For the Cheesecake Filling:

  • 4 oz cream cheese, softened
  • 2 tablespoons powdered sugar
  • ½ teaspoon vanilla extract

For the Cookie Dough:

  • 1 cup unsalted butter, softened
  • ¾ cup brown sugar, packed
  • ½ cup granulated sugar
  • 2 large eggs
  • 1 teaspoon vanilla extract
  • 2¾ cups all-purpose flour
  • 1 teaspoon baking soda
  • ½ teaspoon salt
  • 1½ cups semisweet chocolate chips

Instructions

  • Prepare the Cheesecake Filling:
    In a small bowl, beat the cream cheese, powdered sugar, and vanilla extract until smooth. Scoop teaspoon-sized dollops onto a lined baking sheet and freeze for at least 30 minutes.

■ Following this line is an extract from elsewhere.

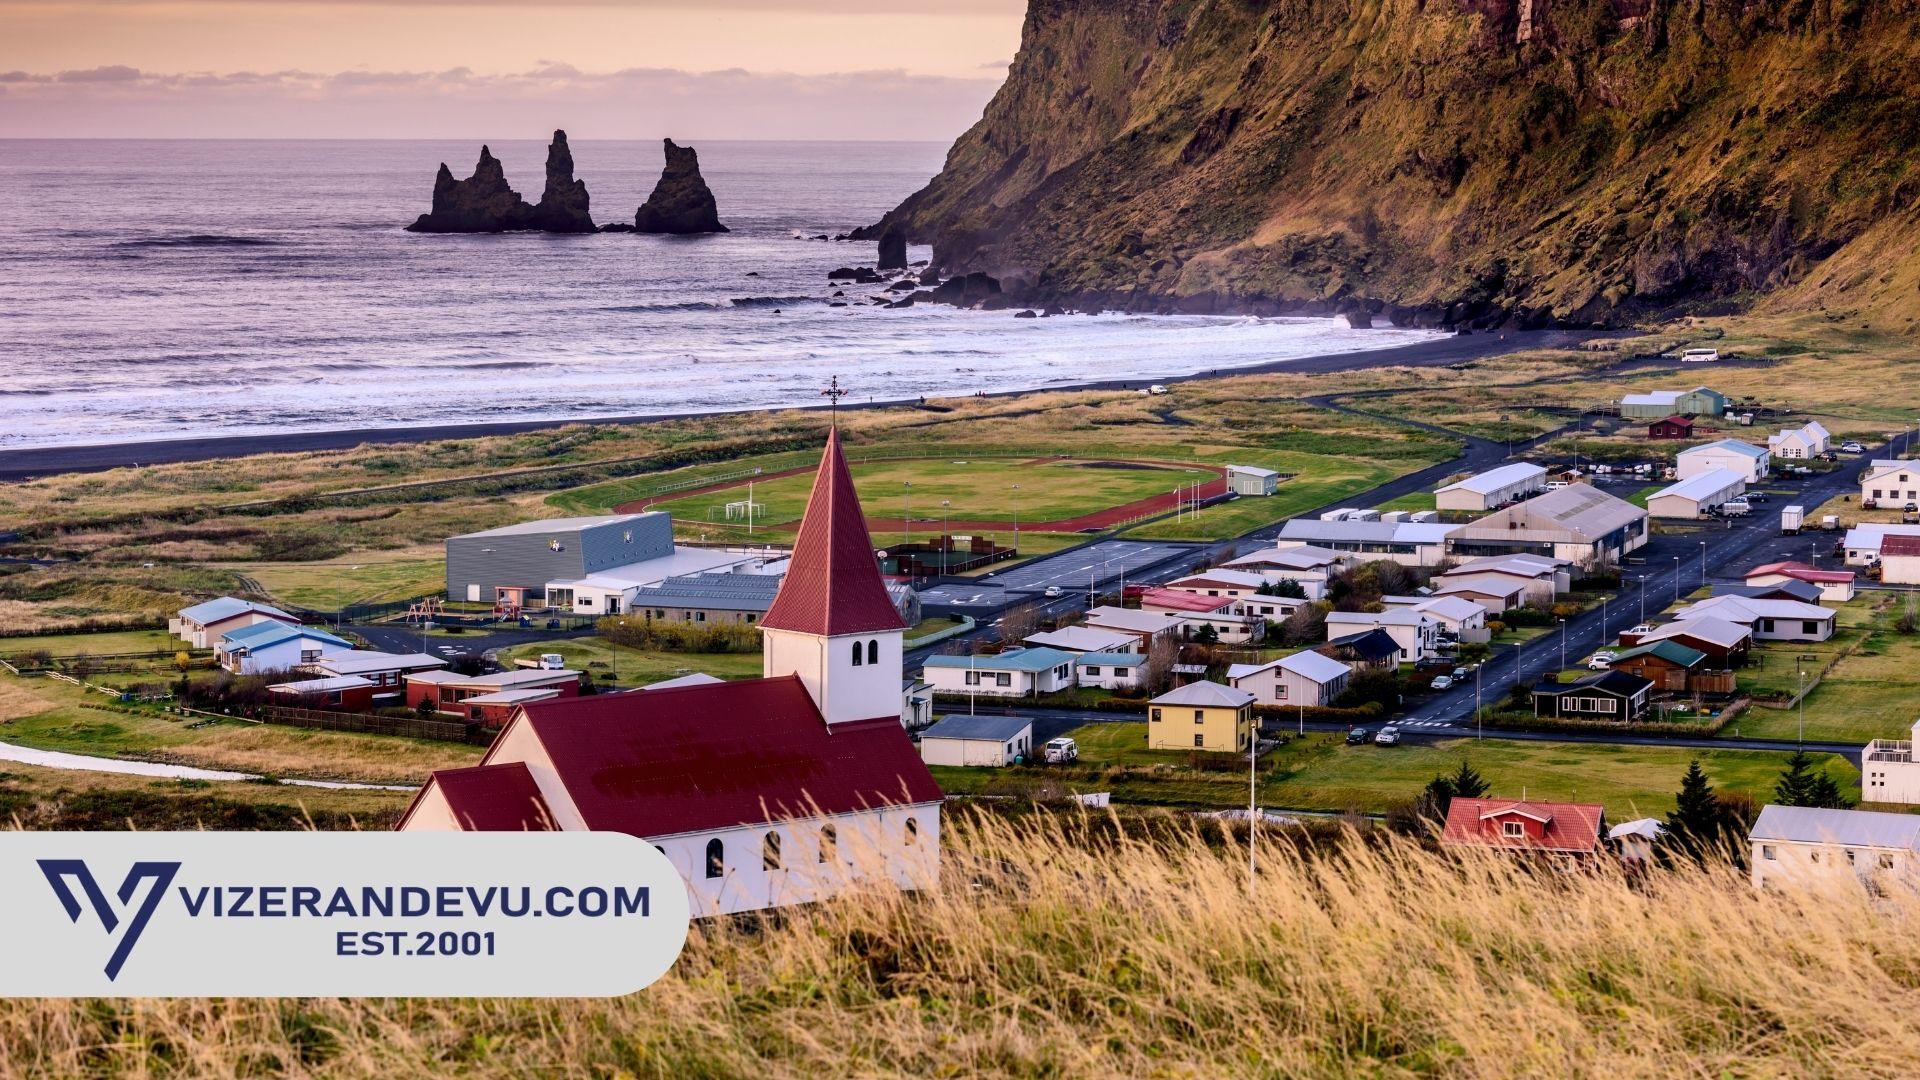 İzlanda Oturum ve Vatandaşlık Başvurusu

  • Make the Cookie Dough:
    In a large bowl, beat the butter, brown sugar, and granulated sugar until light and fluffy. Add the eggs and vanilla extract, mixing until smooth. In a separate bowl, whisk together the flour, baking soda, and salt. Gradually add the dry ingredients to the wet ingredients, mixing until just combined. Fold in the chocolate chips.

  • Assemble the Cookies:
    Scoop about 2 tablespoons of cookie dough and flatten it slightly. Place a frozen cheesecake filling piece in the center, then cover with another small piece of cookie dough. Seal the edges and roll into a ball. Repeat with the remaining dough. Place the dough balls on a lined baking sheet, spacing them apart.

  • Bake & Enjoy:
    Preheat the oven to 350°F (175°C). Bake for 10-12 minutes, or until the edges are golden brown but the centers remain soft. Let the cookies cool on the baking sheet for 5 minutes before transferring to a wire rack.

Notes

  • Make sure to freeze the cheesecake filling for at least 30 minutes to prevent it from melting out during baking.
  • You can swap in other fillings such as chocolate ganache or caramel for a different flavor experience.
  • For a gluten-free version, use a gluten-free flour blend.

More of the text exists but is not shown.